Tuesday, June 9, 2015

reflection





recently, i received an invite to my 20th high school reunion.  i'm not sure how that is possible since i'm 26 and all my stories begin with the phrase "so the other day" when they could be descriptive of events that occurred when i was a teenager.

last year, ironically enough, when my mom came to visit and brought me out my old yearbooks we were sitting on my back porch discussing the days at great valley when i received word of an old friends passing.   at first there was shock, then sadness then i began to tell the many stories of this friend while flipping through my newly reunited yearbooks.   and i smiled.

we lost two more people in the next several months from my class alone.   it was a good brick throw from God that you are not promised tomorrow, only today.   gone are the days of being invincible.


this morning i received word of another classmate from the class of 1995 passing away.  the class of 1995 was a tight knit group. Our school days were pre social media and although there were clicks per se, we all supported one another; cross gender, cross race, cross financial status.   we were lucky and perhaps our luck, is starting to run out.

i'm 37 years old (truthfully) and to the standards of life expectancy, young.   i graduated with 225 people in my class and have lost far to many, to young in recent years.  the thing about losing classmates in your 30's is that it is always tragic, there is no good reason that someone in the prime of their life has to bid goodbye so soon.

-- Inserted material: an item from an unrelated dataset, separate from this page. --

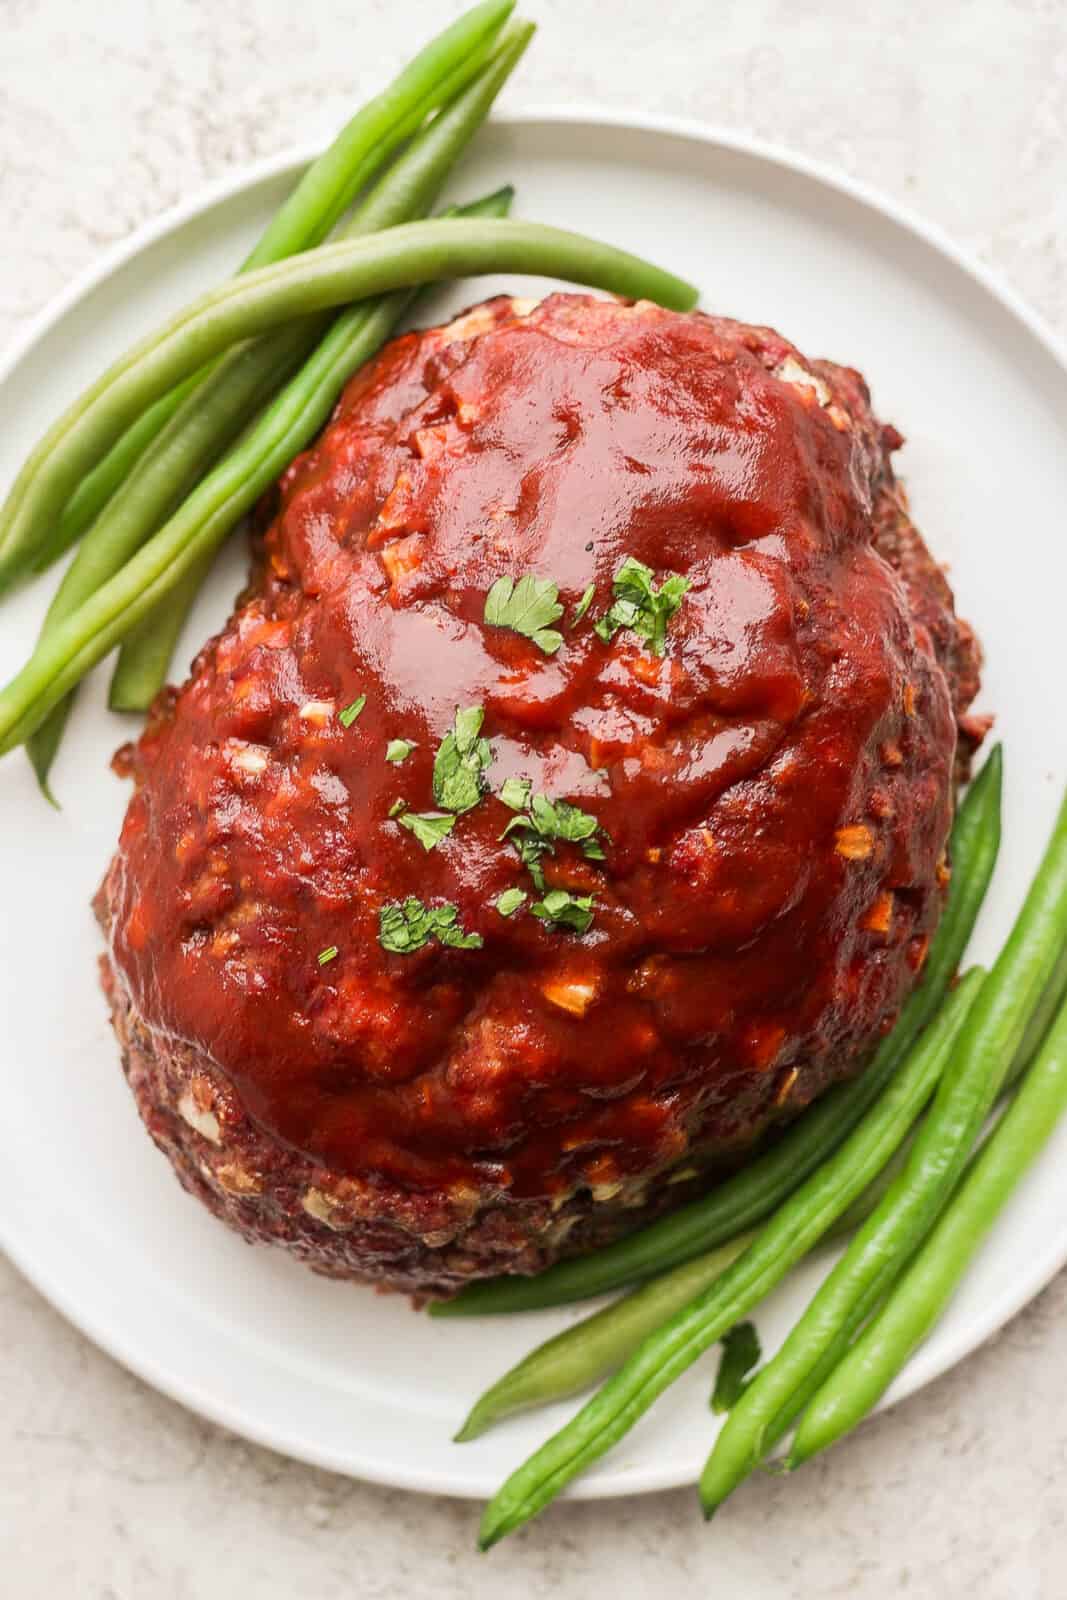 Top view of a smoked meatloaf on a plate with green beans on either side.

but then again i suppose the plan is much bigger than us.  much, much bigger.

rest in peace my classmates, may we all enjoy a drink together in heaven one day.

Saturday, June 6, 2015

climbing, a new story

in 2011 i completed 2 ironman distance triathlons within 7 months of each other.   this means i rode a total of 224 miles in the races alone, that mileage does not include the hours,
upon endless hours i spent riding through the valley, along the coast in california, pre racing in nevada and camps in utah to prepare me for those two races.

sometime after that i lost interest in road biking and went back to the habit of running.  it was easy enough to do, after all i don't really "enjoy" road biking.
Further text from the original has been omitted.